Finding Her Voice
Trigger Warning: This article contains information about suicide which may be triggering to some.
Gizelle de Guzman admits she was in denial for a long time when she was first diagnosed with post-traumatic stress disorder (PTSD). It was not because she associated PTSD with first responders or military personnel. She just did not want to be classified as a person living with mental illness.
"But the more I thought about the diagnosis, the more it made sense, given the symptoms and the feelings I was going through," says Gizelle, an Automotive Service and Repair student at Akerley Campus. "I gradually realized that your mental illness does not make you who you are.
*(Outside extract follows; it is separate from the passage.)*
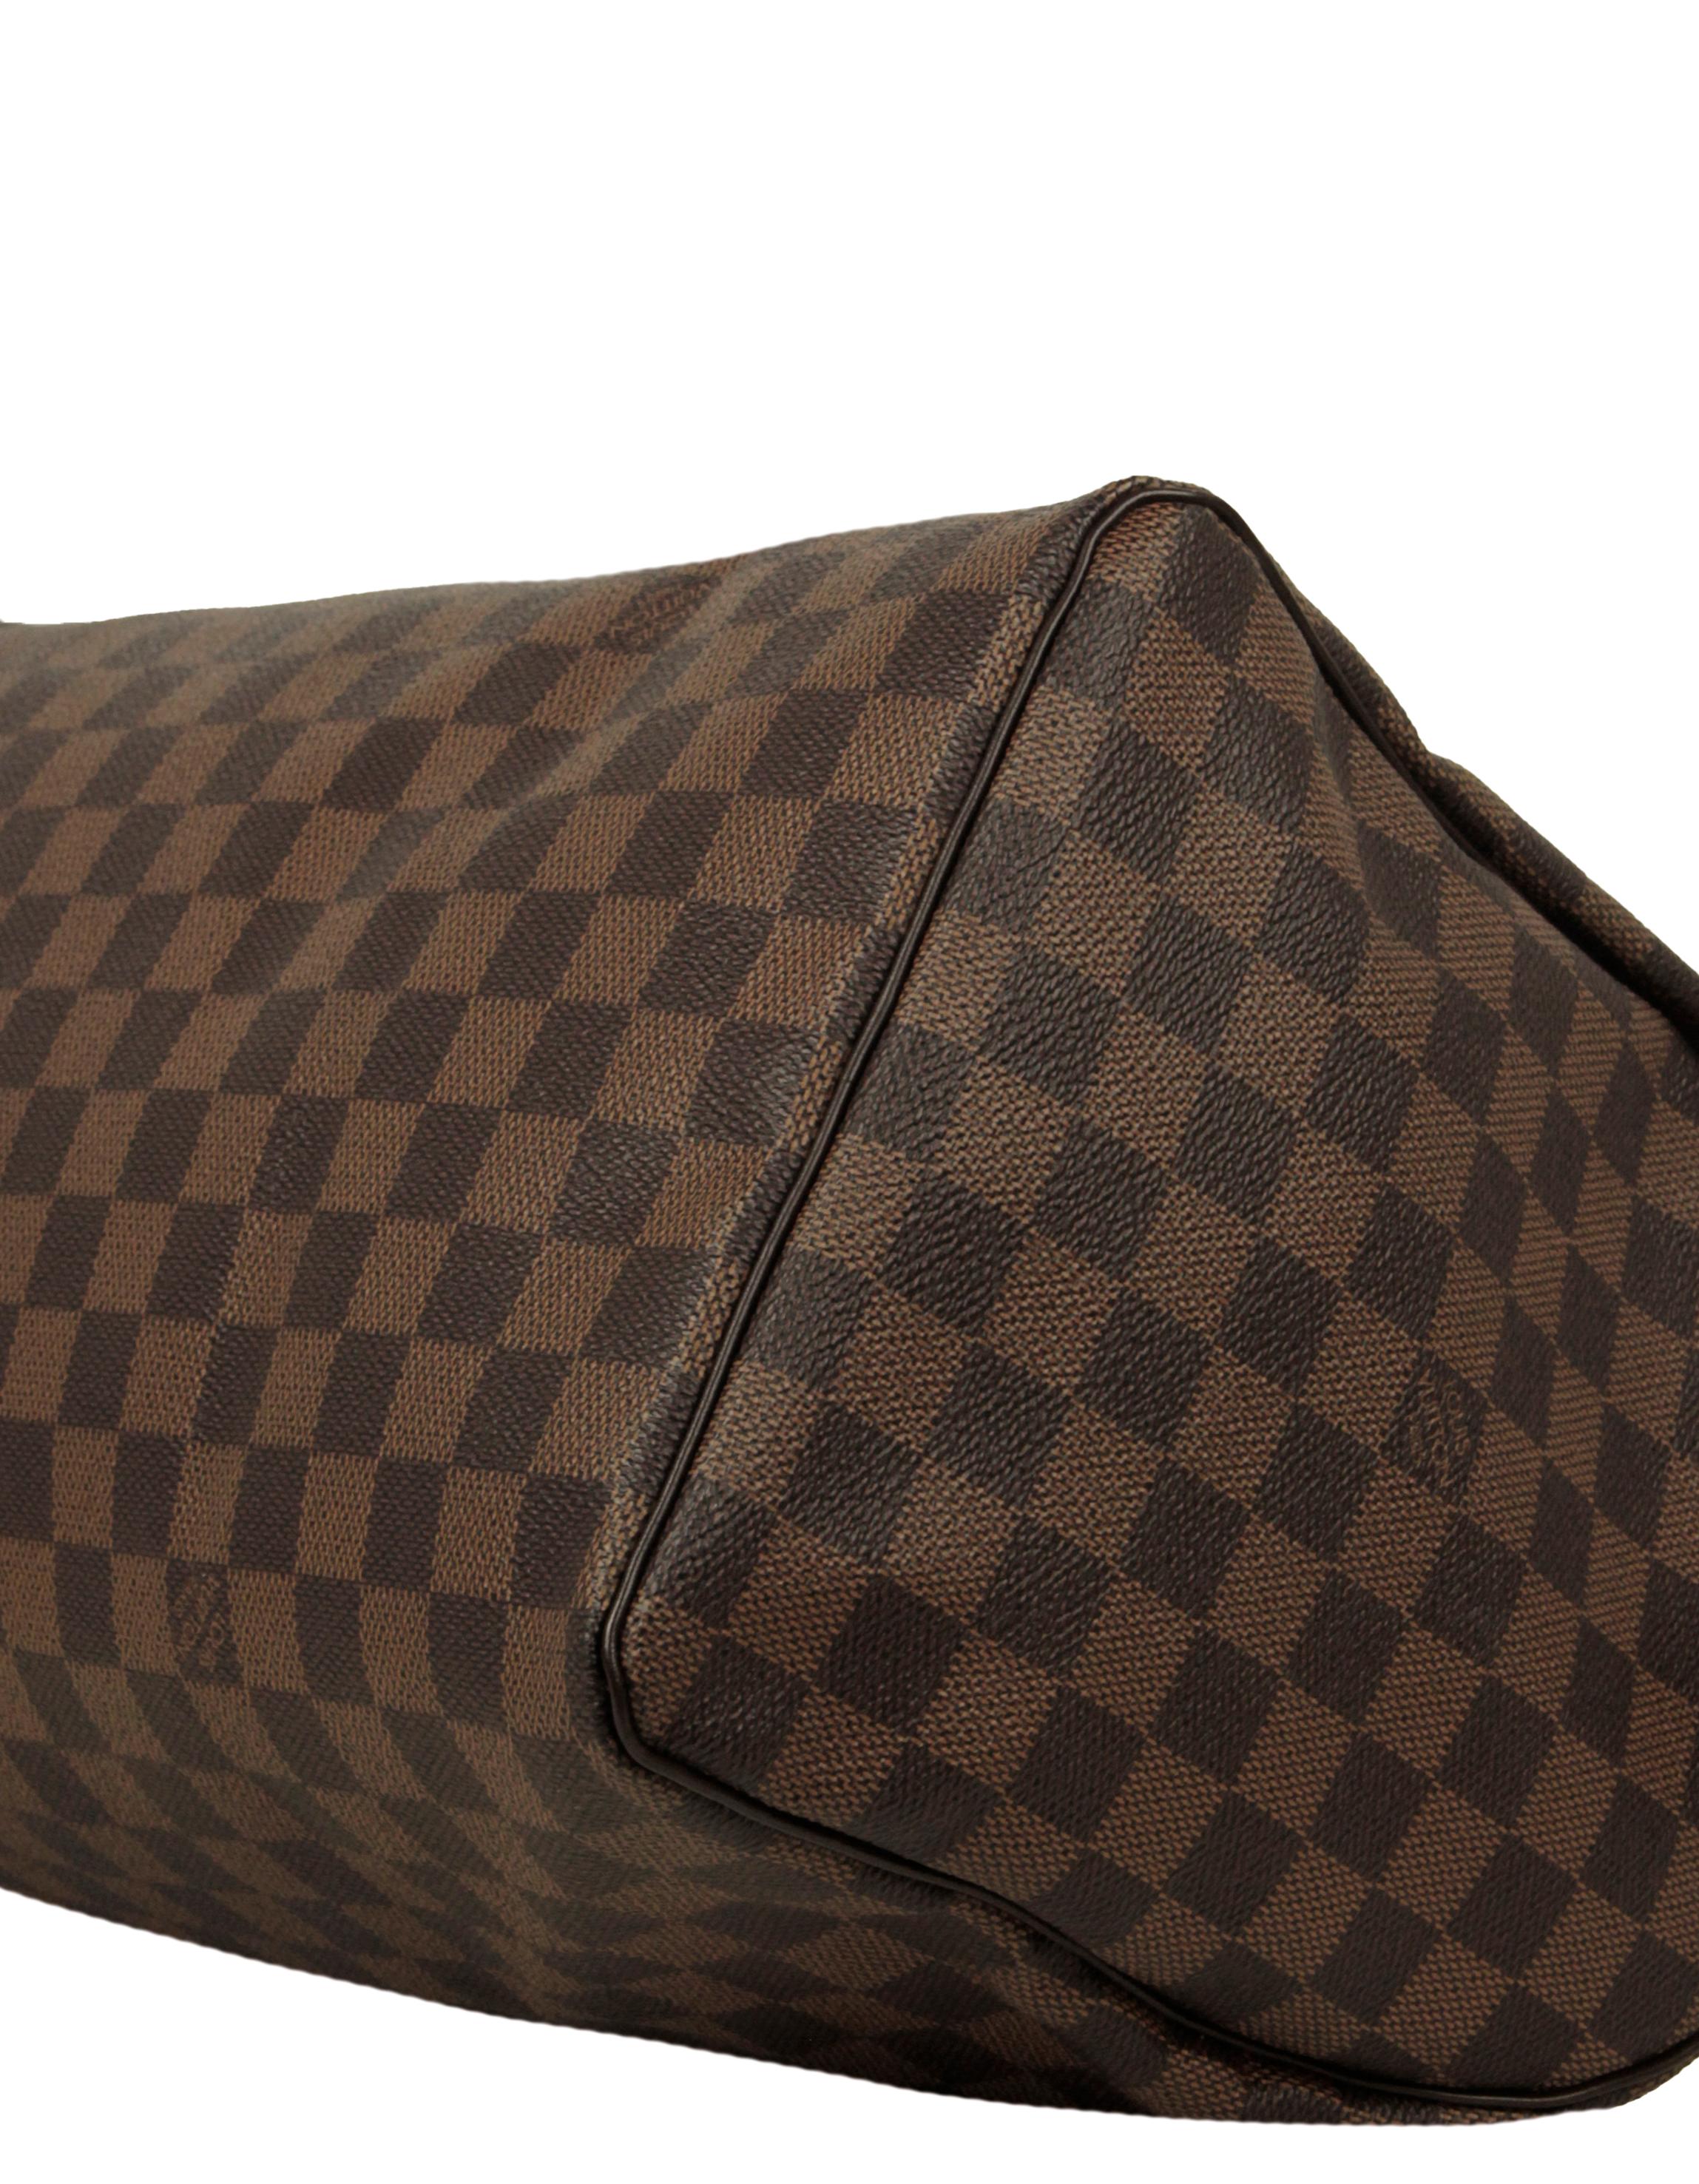 Louis Vuitton Damier Ebene Speedy 35 Bag In Excellent Condition For Sale In New York, NY
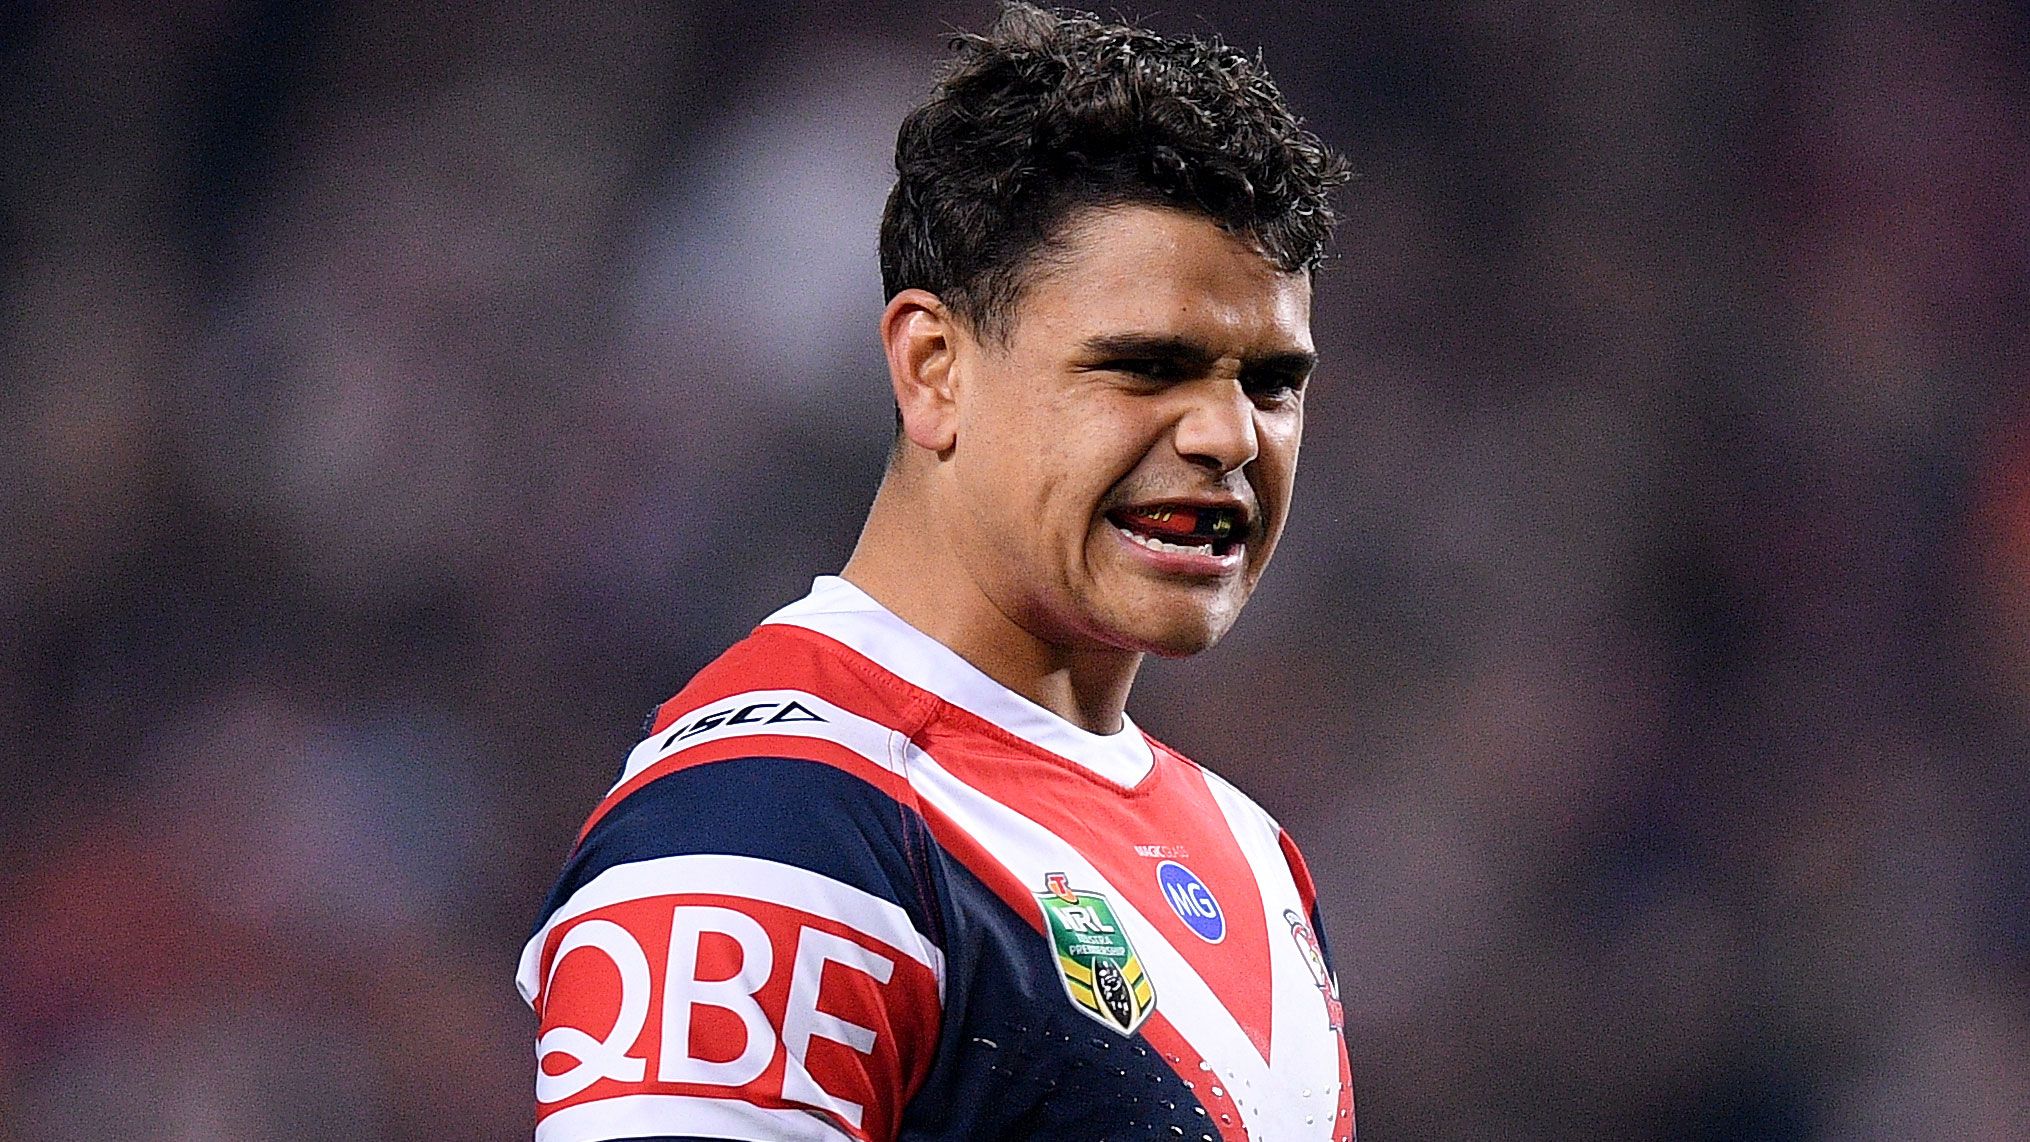 Laurie Daley warns Latrell Mitchell to rethink move away from Roosters

What defines you is how you handle the struggles that you go through in life."
Ambassador and ally
If that is the case, then Gizelle has defined herself as a mental health ambassador and ally. She regularly volunteers with the Canadian Mental Health Association's events and initiatives, such as its community coffee house series. She participated in the Mental Health Foundation's 2019 Nocturne exhibit about PTSD and its 2019 Models for Mental Health event, which raised funds for Seeds of Success at Northwood. And she is regularly asked to speak about issues related to mental wellness at events such as WE Day Atlantic Canada.
"I don't get nervous sharing my story," she says. "I get super excited – not just because it makes me feel better to talk about it – but also because I get to connect with people who have similar struggles and build support networks so we can stay in touch and mentor each other when we need help."
Originally from the Philippines, Gizelle experienced several traumatic incidents, including the death of her mother and bullying early in life when her family moved to a small town in Alberta. "I had my first suicide attempt when I was in grade nine," she recalls. "That's when I realized that mental health is important and everyone is affected, in part because I was exposed to other kids my age who were dealing with the same thing."
‘You are not alone.’
It was during her recovery that Gizelle found her voice as a mental wellness advocate, not just because the hospital approached her to help raise public awareness, but also through her participation in music therapy. "I always loved music and was writing songs before my diagnosis, but it became a way for me to process my feelings," she says. "Eventually, I realized I could use my songs to help people work through their struggles and let them know they are not alone, so it's a win-win for me."
Gizelle continues to look for ways to share her experiences and help others in need, particularly at NSCC. "I am excited to be participating in the Mental Wellness campaign here and am thinking about ways to help like presentations or bringing in a therapy dog," Gizelle says. "There is a real commitment to diversity and inclusion here, and I'm looking forward to engaging everyone across the College on this important issue."
NOTE: If you are concerned about your own or someone else's safety, there are community supports available to you:
- Mental Health Crisis Line (1-888-429-8167) provides 24/7 telephone crisis intervention and support
- Nova Scotia 211 helps you find a community or social service in your area
- SANE – 811 can put you in touch with the nearest Sexual Assault Nurse Examiner Program (SANE)
If you are an NSCC student, there is additional support available through the College. You can see a Student Services counsellor at your campus or access the Good2Talk helpline 24/7 at 1-833-292-3698. The service, available to Nova Scotia post-secondary students, offers access to qualified counsellors for support around a variety of topics.